The Church at War

The Church at War — article header image

The Lord's Prayer, in its opening statement, "on earth as it is in heaven," is a call to conflict. To establish the perfection of heaven on the fallen realm of earth is nothing short of a declaration of war. To serve Him means conflict with the world. Yet, as Christians, we are called to usher in a greater kingdom ruled by Jesus Christ. God has left us here to be forerunners of the kingdom and to demonstrate to a hostile world what is coming. We are to announce both the good news of salvation and the power of the kingdom, and the coming judgment for those who refuse. This message is not typically well-received.

Yet in this, we do not hate the world. Our Father loved the world and sent His Son to save it. The world hates us, and we feel at war with its practices of living. But we do not hate the world. We want to save it through the good news and power of Jesus.

Without the redemptive voice of Christianity, there is no hope for this nation or world.

In the past four decades, the United States has moved from being a Christian to a post-Christian society, leaving pastors and faithful parishioners confused by the speed and force of this change. Many pastors speak hesitantly about these changes, unsure how to live in a time when Christianity is no longer valued.

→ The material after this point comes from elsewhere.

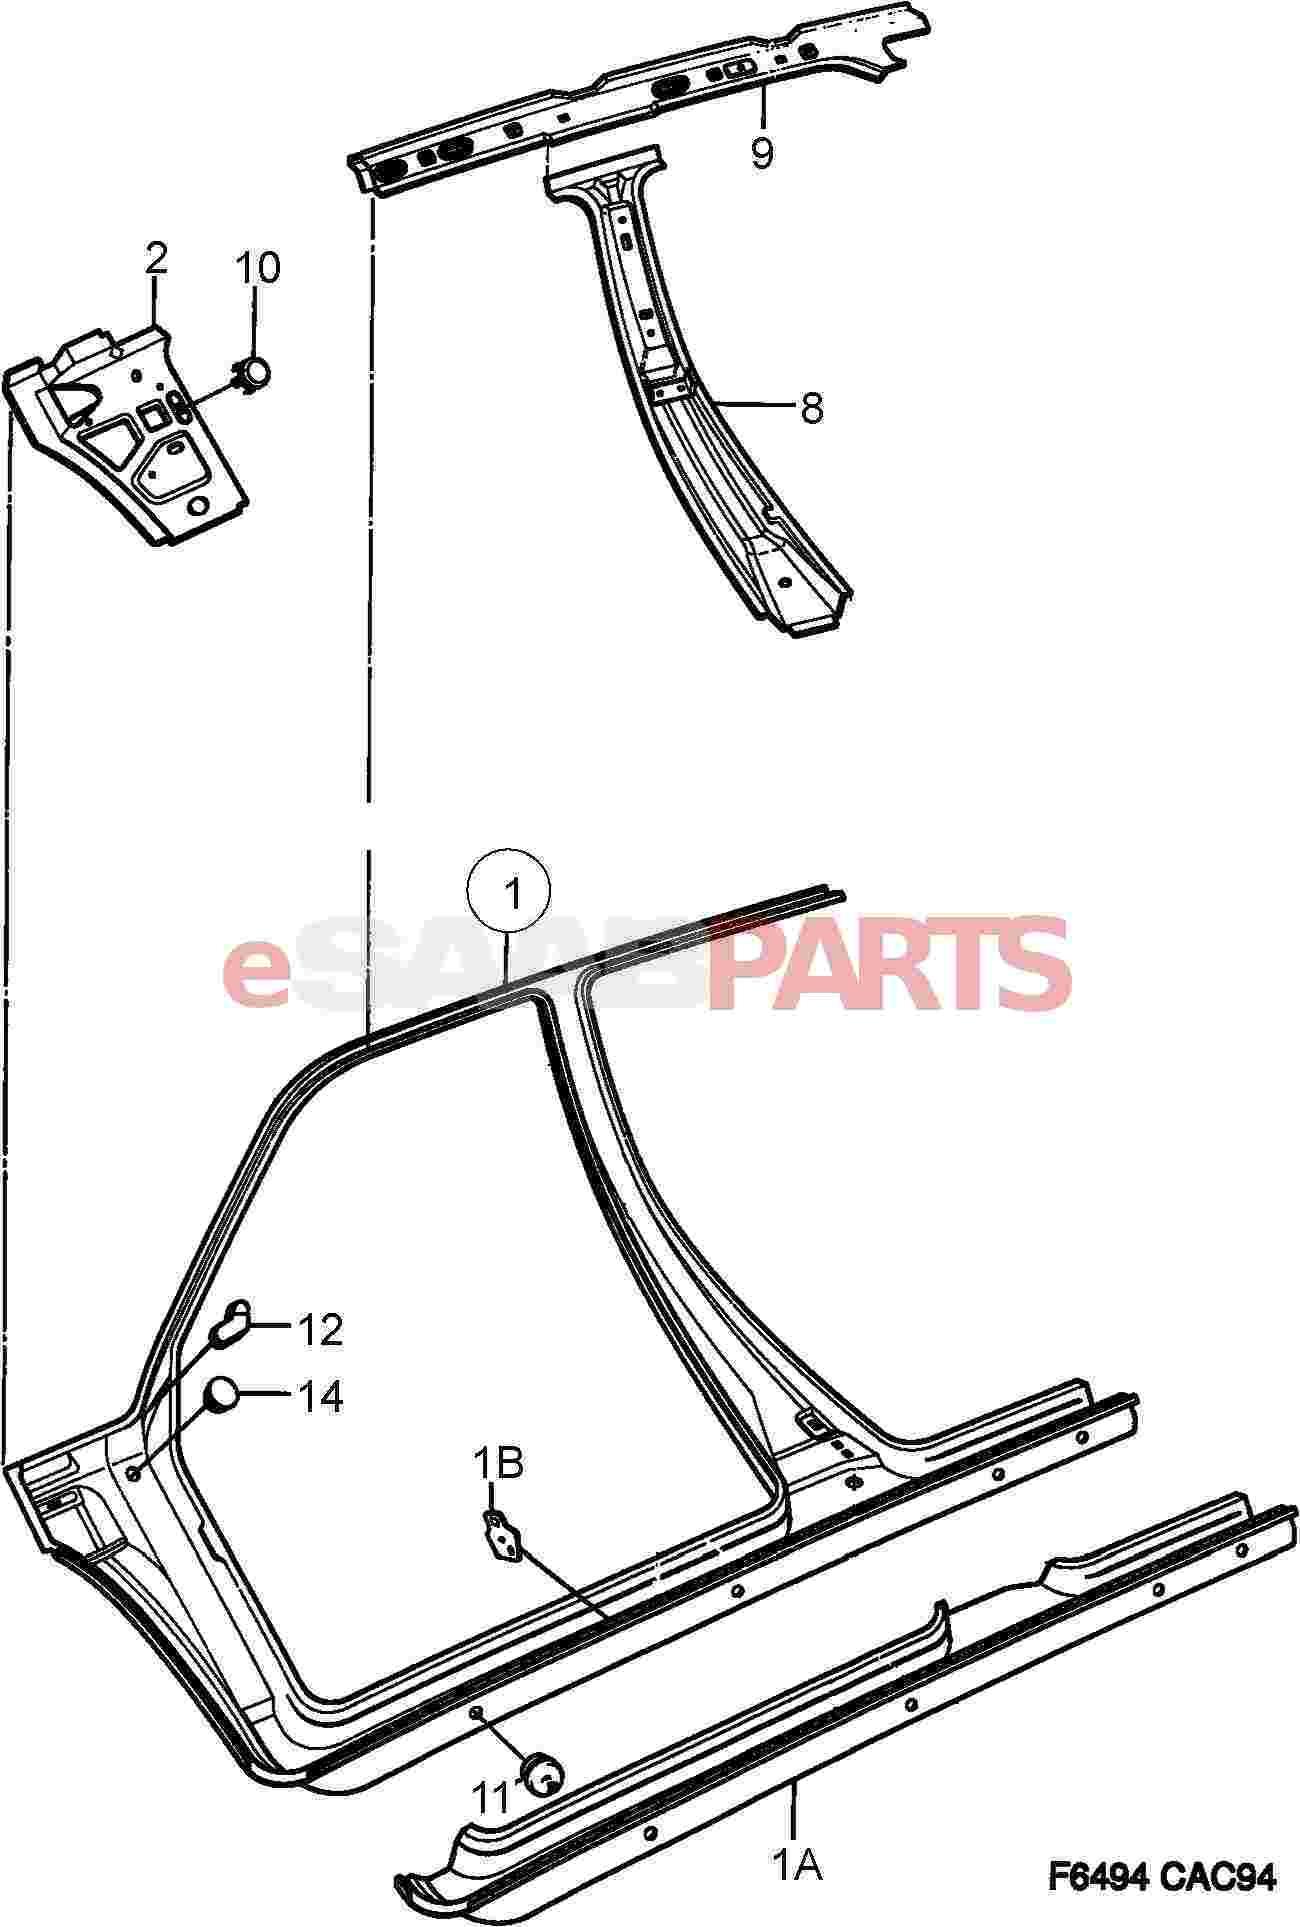 eSaabParts.com - Saab 9000 > Car Body: External Parts > Body Parts ...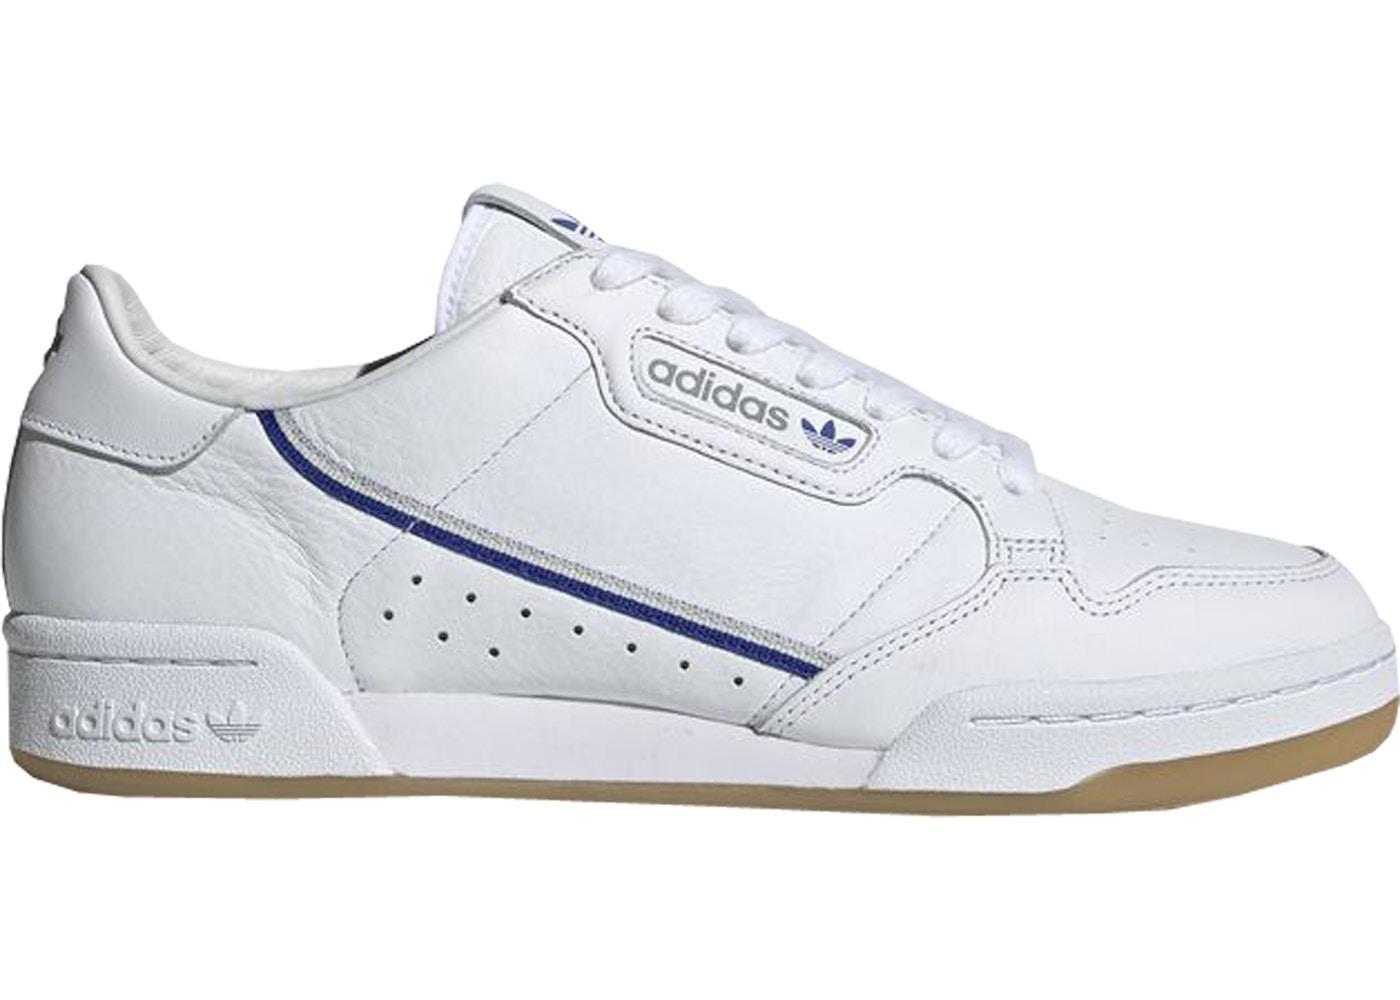 adidas Continental 80 TfL Elizabeth Line White Blue Grey

The result has been a silencing of the redemptive voice of Christianity. But without this voice, there is no hope for this nation or world. The Church is called to point the way, sound the call, and warn of the consequences when sin has become the standard of the land. For the American Church to be silent signals the end of hope for this nation. Silence in the face of cultural collapse is complicity; for the purpose of the Church left on earth is to be a prophetic voice of a coming kingdom.

The twentieth century left a legacy that none of us wants to repeat in this new century. Two world wars, numerous genocides by mad dictators, and our lust for grabbing all that we can from the latest promises of a golden age of technology have left us all tired and looking for new answers. As the people of God, we see the future and are called to prepare people for what is coming. But this puts Christians in direct conflict with the world's purposes. As we reveal a supernatural kingdom that is coming, it inevitably results in conflict with the purposes of a secular world. Yet this has been the place of all men and women of God throughout the ages.

In the centuries since Christ, the Church has advanced the mission of spreading the good news of Jesus Christ and demonstrating His kingdom on this earth. From the early centuries of persecution in the Roman empire to the desert fathers to the monasteries of medieval Europe, there has always been a remnant with a vision to spread the message of Christ. Two thousand years later, the Church points toward a day and seeks to prepare a way. All of us are called to live our lives with such an expectation and to pull glimpses from that future kingdom into our day.

All of us are called to live our lives with such an expectation and to pull glimpses from that future kingdom into our day.